__PROBLEM DETAILS__: Where the line containing "child seat." appears, begin retyping; continue exactly through the final line of the data. Omit every picture.

------------------------------------

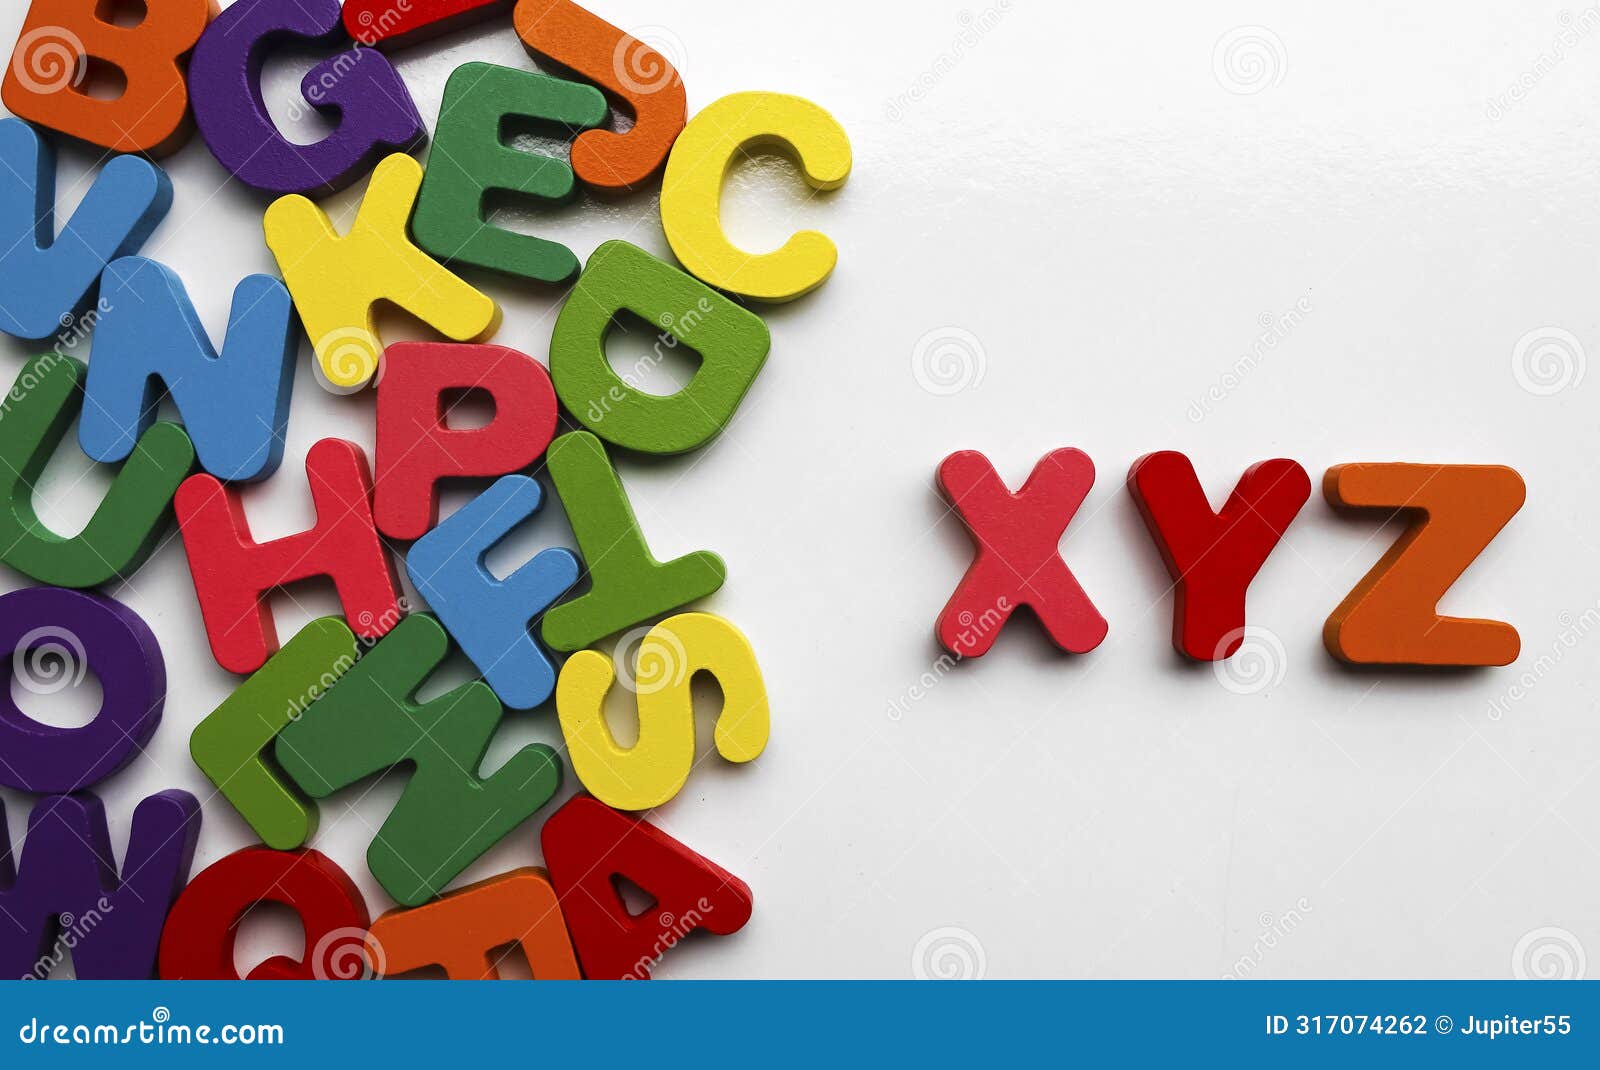 english alphabet on a white background. alphabets on a wooden surface. xyz - letters. scattered mixed colorful wooden letters of
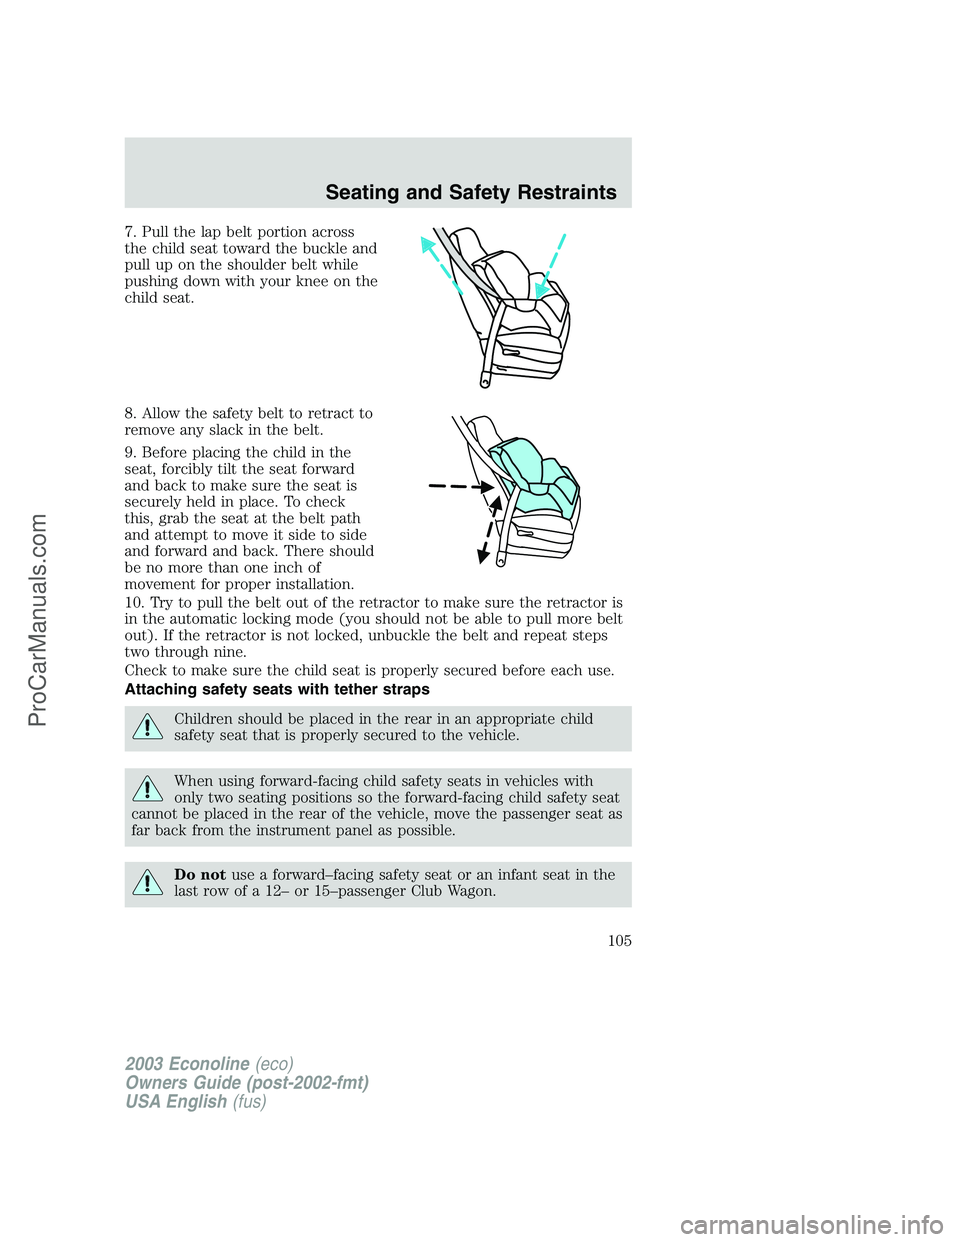 FORD E-450 2003  Owners Manual 7. Pull the lap belt portion across
the child seat toward the buckle and
pull up on the shoulder belt while
pushing down with your knee on the
child seat.
8. Allow the safety belt to retract to
remove
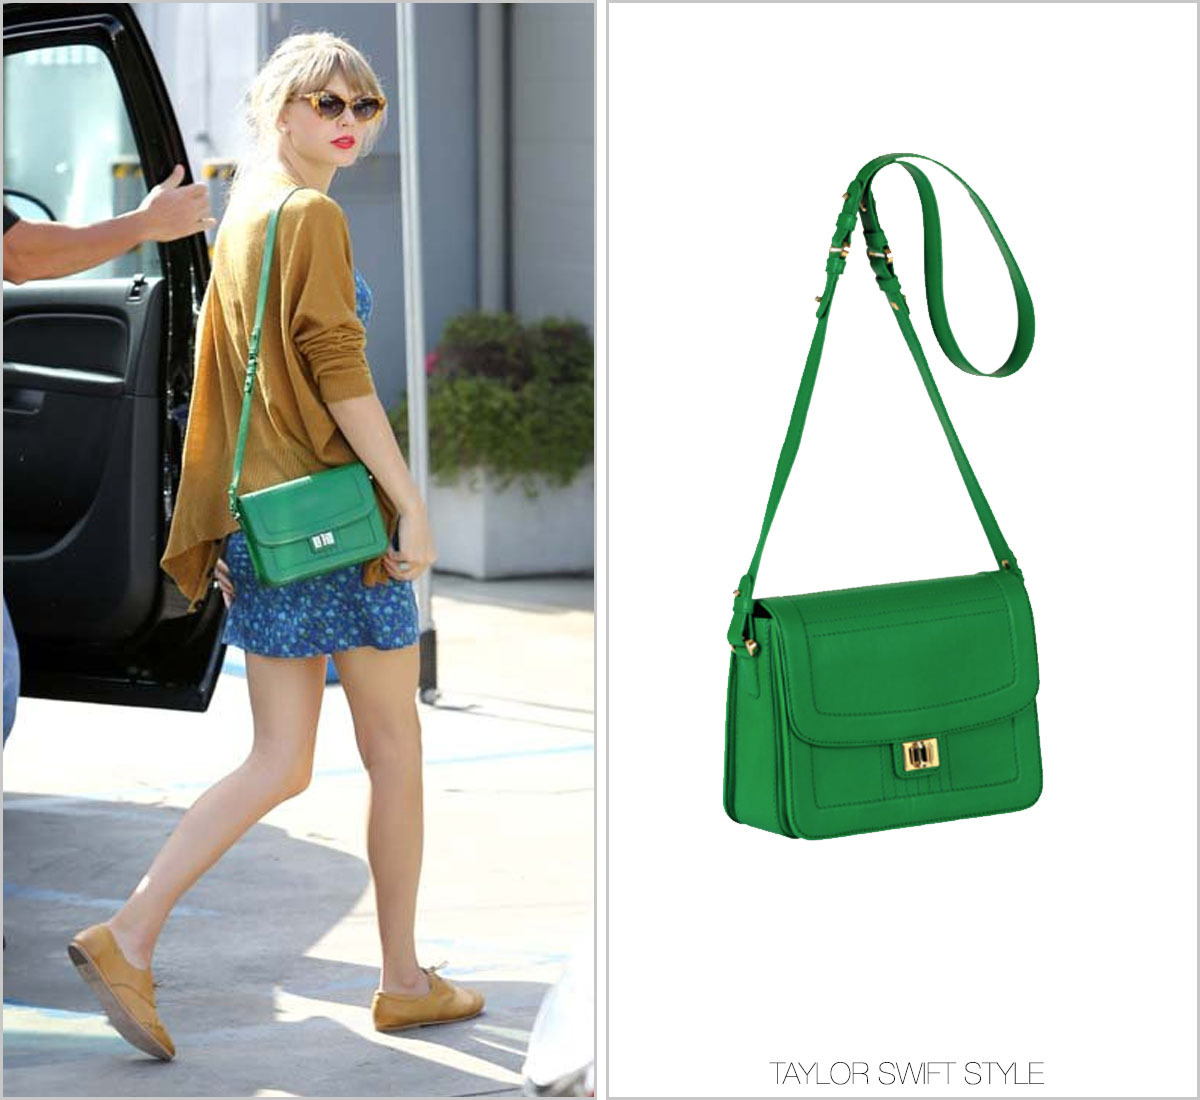 Taylor Swift Totes Her Elie Saab Bag: Photo 2667345, Taylor Swift Photos

------------------------------------

__EXERCISE ANSWER__:
child seat.
8. Allow the safety belt to retract to
remove
 Taylor Swift Totes Her Elie Saab Bag: Photo 2667345, Taylor Swift Photos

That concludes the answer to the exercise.